They say, “You can lead a horse to water, but you can’t make it drink.”
There are exceptions to this proverb, notably for oil and gas companies. We know if you lead them to capital they will always drink. Unless the trough is dry.
Right now there is unprecedented scarcity of public capital available for oil and gas companies. Year-to-date Canadian financings for the industry are at a 10-year low, and probably at an all-time low if the data are adjusted to reflect a growth metric, for example dollars available per unit of output. The dearth of dollars is, in part, due to the mood of the capital markets, but mostly the situation speaks to the changing structure of the industry.

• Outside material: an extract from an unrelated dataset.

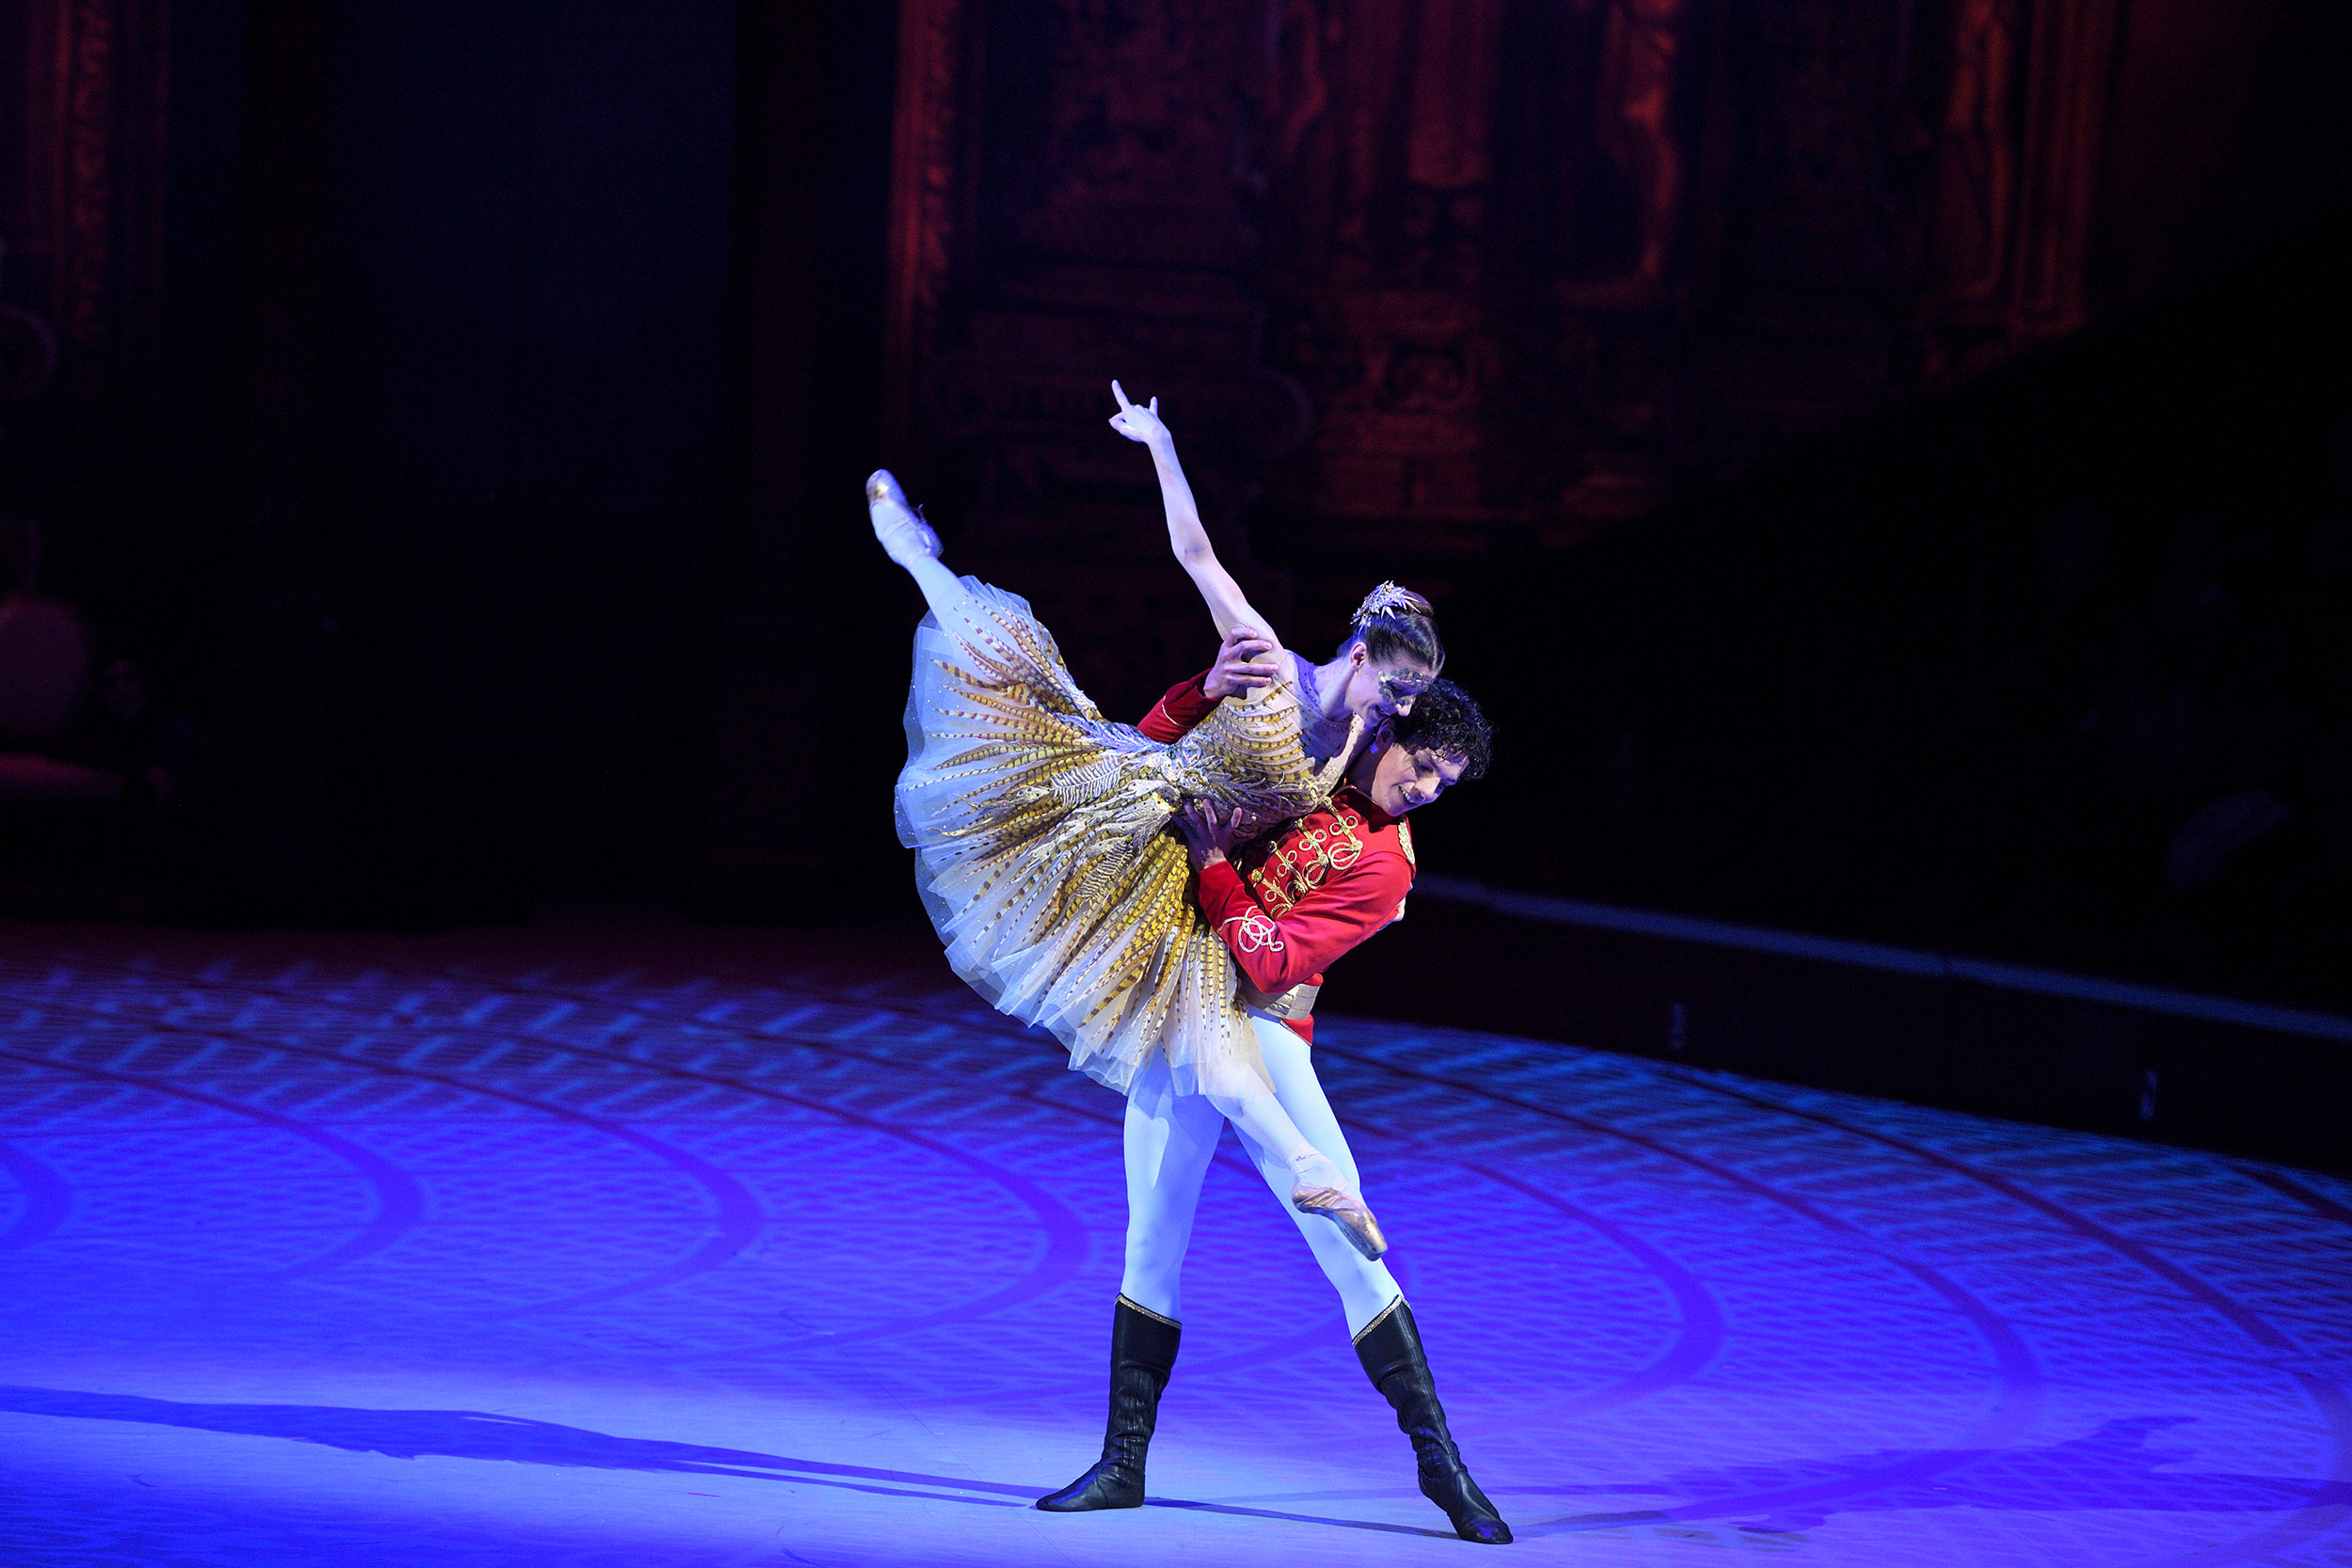 Cinderella in-the-round: Ballroom pas de deux (extract) | English National Ballet

After flipping the 2013 monthly calendar twice, year-over-year public company financings to date are tracking around 20 per cent of normal. As of early March, total equity raised is at $345-million, which is a mere trickle. Usually by this time of year new equity issues are indicating $1.5- to $2.0-billion, well on the way to the 10-year average of about $10-billion per year. Debt too is lagging: Only $275-million has been issued this year.
It’s not unheard of for the debt and equity spigots to be shut. It happened in 2002 after Enron imploded. It also happened on rare occasions in the 1990s, but back then the industry was one-fifth the size that it is now on a cash flow basis. Also, since then, acute inflation in the mid-2000s devalued the purchasing power of an investment dollar.
Today the capital markets are demonstrating extreme discretion. Although broad equities have perked up recently, risk aversion is still top of mind among investors. In Canada, intertwined macro oil and gas issues such as price differentials, low prices and access to markets are also causing reticence to finance public companies in the industry.
While debt and equity are important lifelines, the dominant source of investment capital is cash flow. Unless dividends are being paid out, oil and gas companies typically reinvest every dollar of cash flow back into the ground. But on the natural gas side of the business, this source of capital is also scarce due to low continental commodity prices. On the oil side, cash flow is compromised due to deep price discounts. Historically, this three-way choking off of industry capital – equity, debt and cash flow –would reflect negatively on the industry, leading to a serious contraction of field activity and ultimately production declines.
Drilling activity is somewhat muted this year, but not proportionally to the dearth of public capital. Our estimates suggest that the industry will still spend $54-billion in 2013, this despite a forecast of only $36-billion from cash flow. How is this reconcilable – in other words, how can the industry as a whole be spending 1.5 times its cash flow without help from public capital markets?
The gap is explainable by prevailing structural changes. First, private equity capital has stepped in to fill in for some of the public market shortfall, but not all. Globally, the institutional investor’s bias is leaning toward private company investment. Private equity has financed several hundred million dollars already in 2013, but this quieter source of capital is highly selective and doesn’t serve up growth capital to the broader industry.
Selectivity and discretion is a big theme in today’s investment landscape. Only a handful of high-growth, darling companies are able to raise money; for example, two-thirds of the $345-million in equity this year was raised by one public company – Tourmaline Oil Corp.
The loudest statement about structural change comes from the patient and deep pockets of large multinational companies, where the bulk of the industry’s growth capital is coming from right now. None of these participants need to depend on public market financings to further their interests. Shell, Chevron and Petronas are declared long-term players in the LNG game, spending money from wellheads to the coast, regardless of current market conditions. Overseas joint venture money targeting resource plays also continues to be an alternative source of capital. Notably, big oil sands companies are tracking spending levels in the low $20-billion level this year, with no hiccup relative to prior years.
Massive upfront investment into big resource development is how the industry will end up spending significantly more than its cash flow this year; the oil sands sector will spend 250 per cent more than it takes in, and conventional plays 120 per cent, for a weighted average 150 per cent as a whole.
Structurally, the selectivity of capital and shift in its sources means that the oil and gas industry has become a cloistered business that favours the few. In fact, there is lots of water at the trough. But for now only big, sophisticated or privileged horses are able to drink.